**Exercise:** Once the images are set aside, output the listing exactly as it stands.

**Input data:**

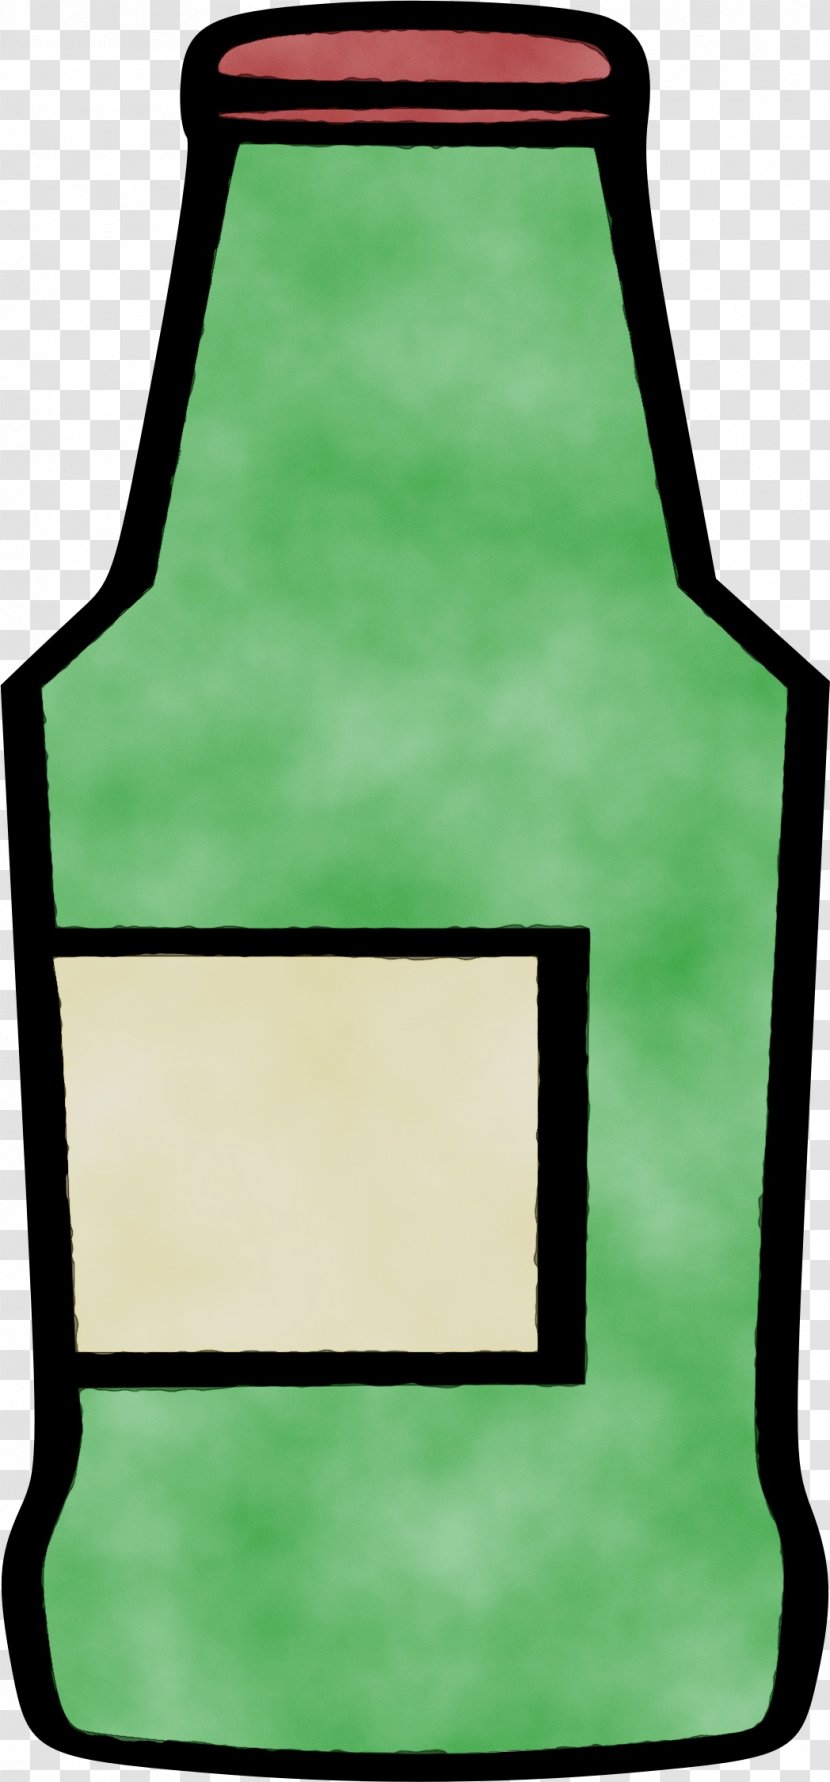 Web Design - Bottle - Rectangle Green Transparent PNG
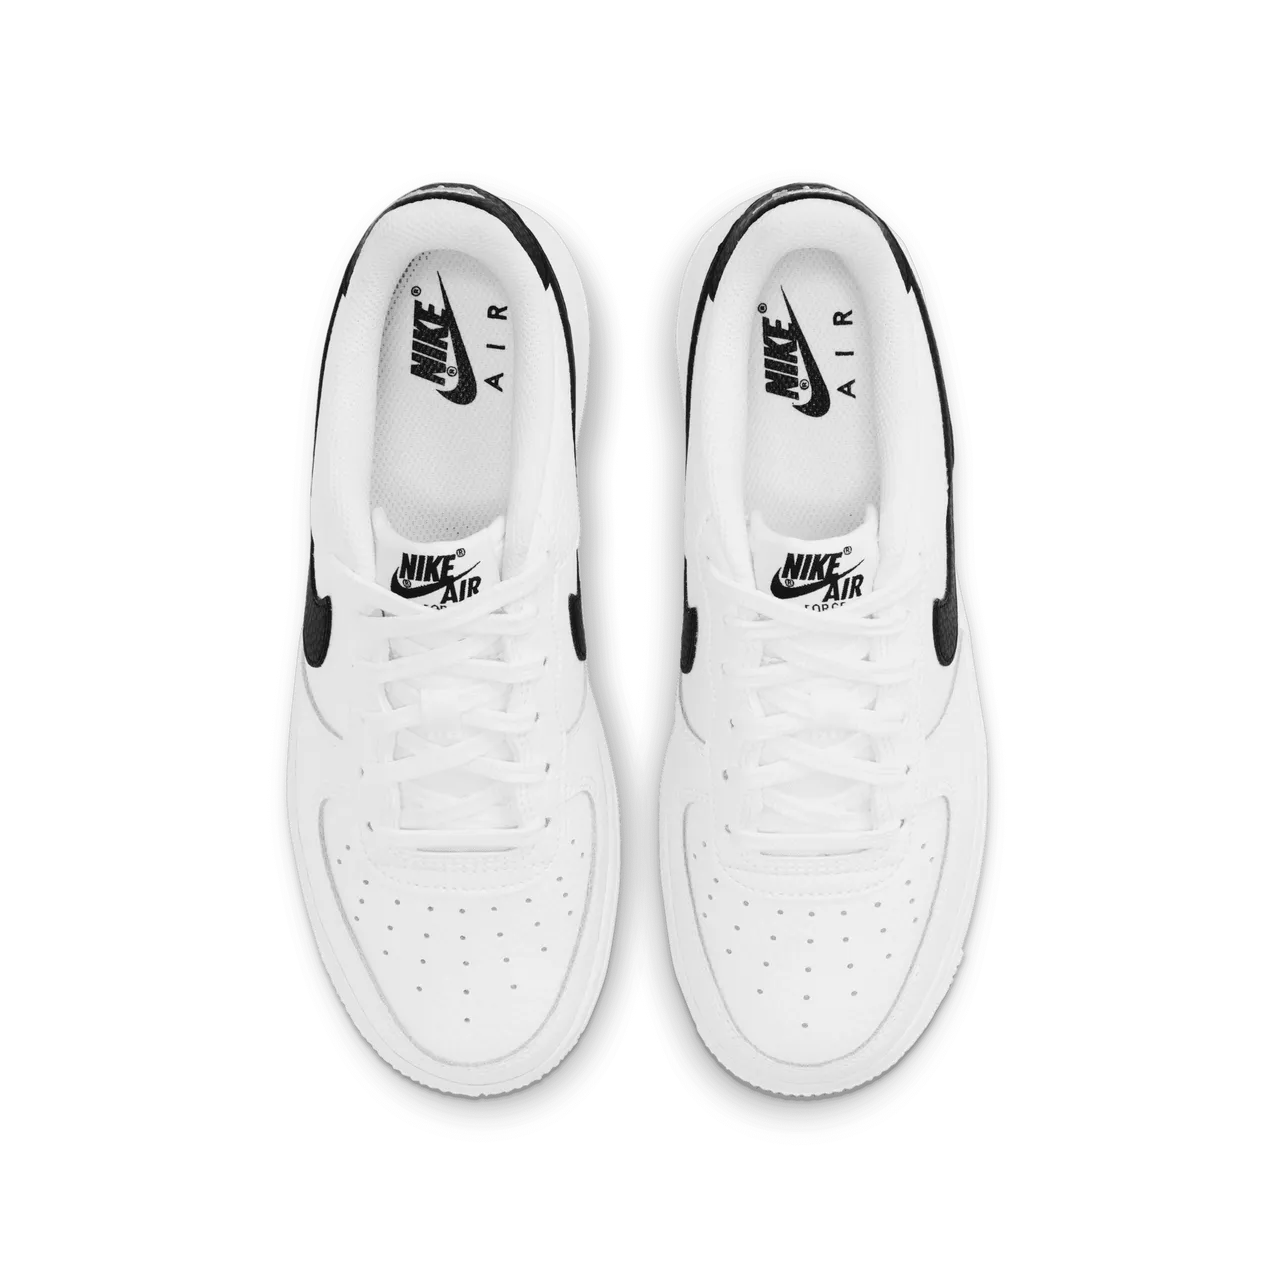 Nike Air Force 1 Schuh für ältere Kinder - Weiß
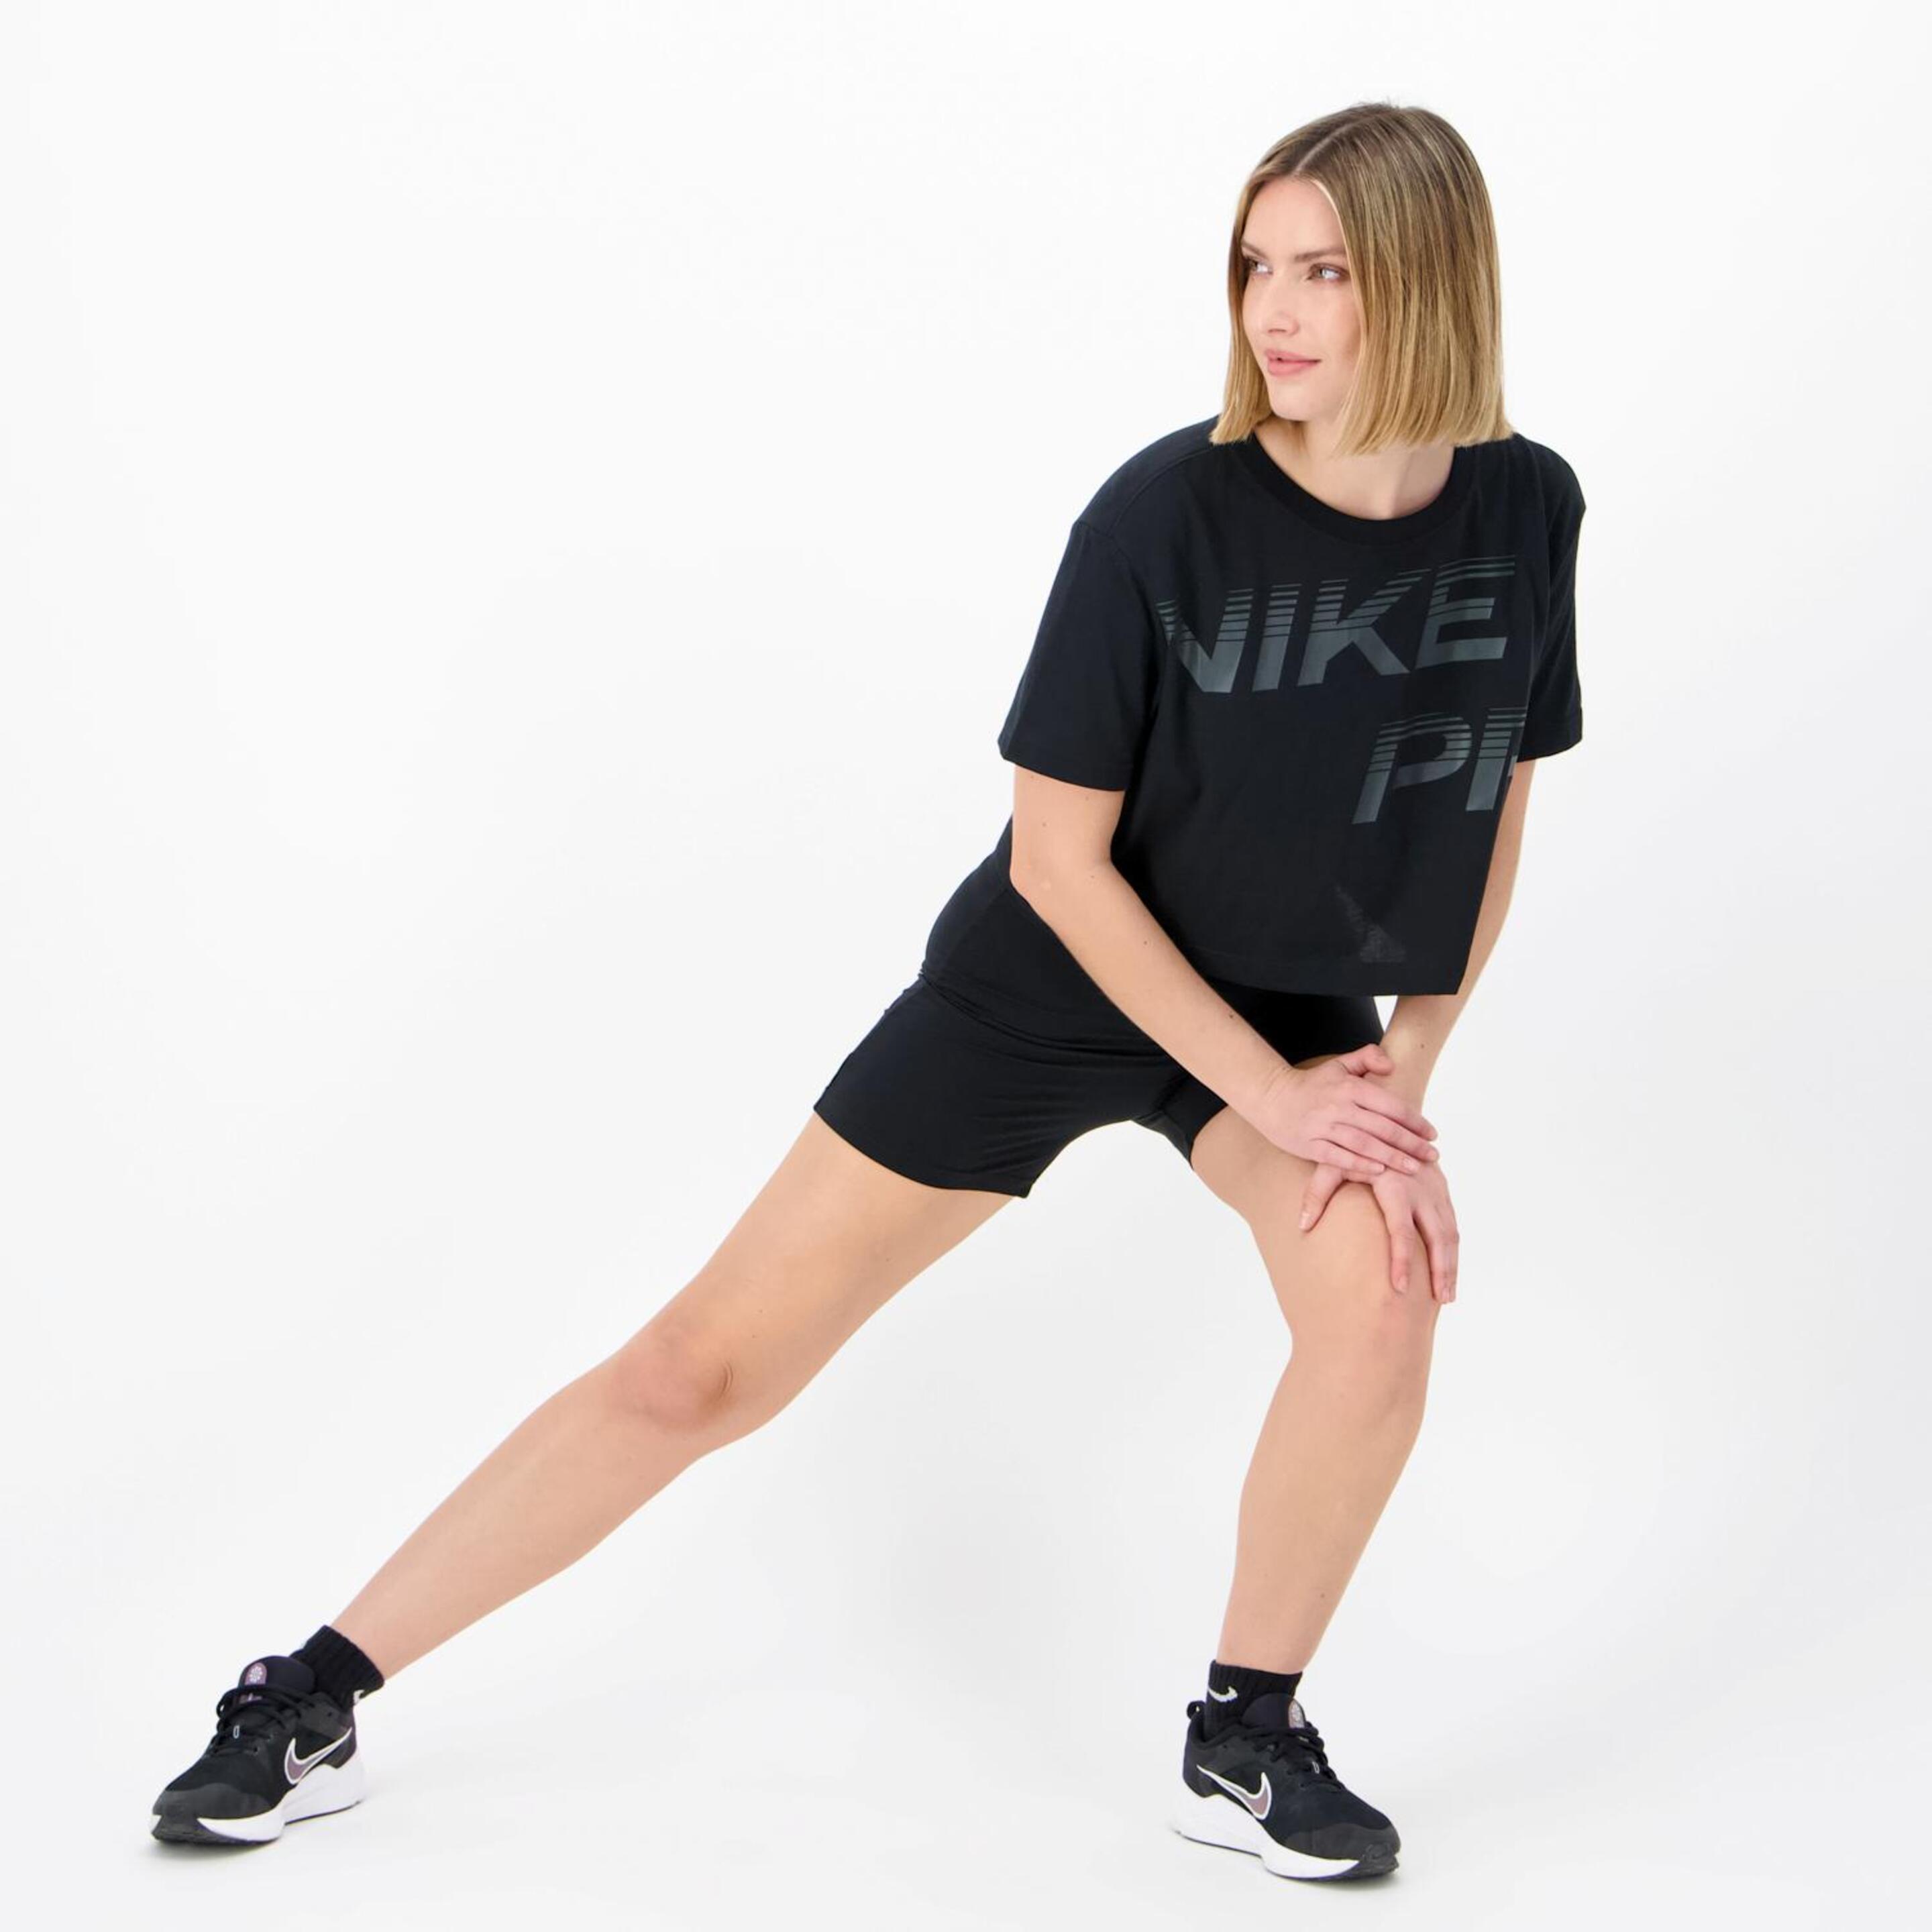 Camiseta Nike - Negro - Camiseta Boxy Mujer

**Written solution:**
 Web Design - Bottle - Rectangle Green Transparent PNG
 Nike Air Force 1 Schuh für ältere Kinder - Weiß
 Camiseta Nike - Negro - Camiseta Boxy Mujer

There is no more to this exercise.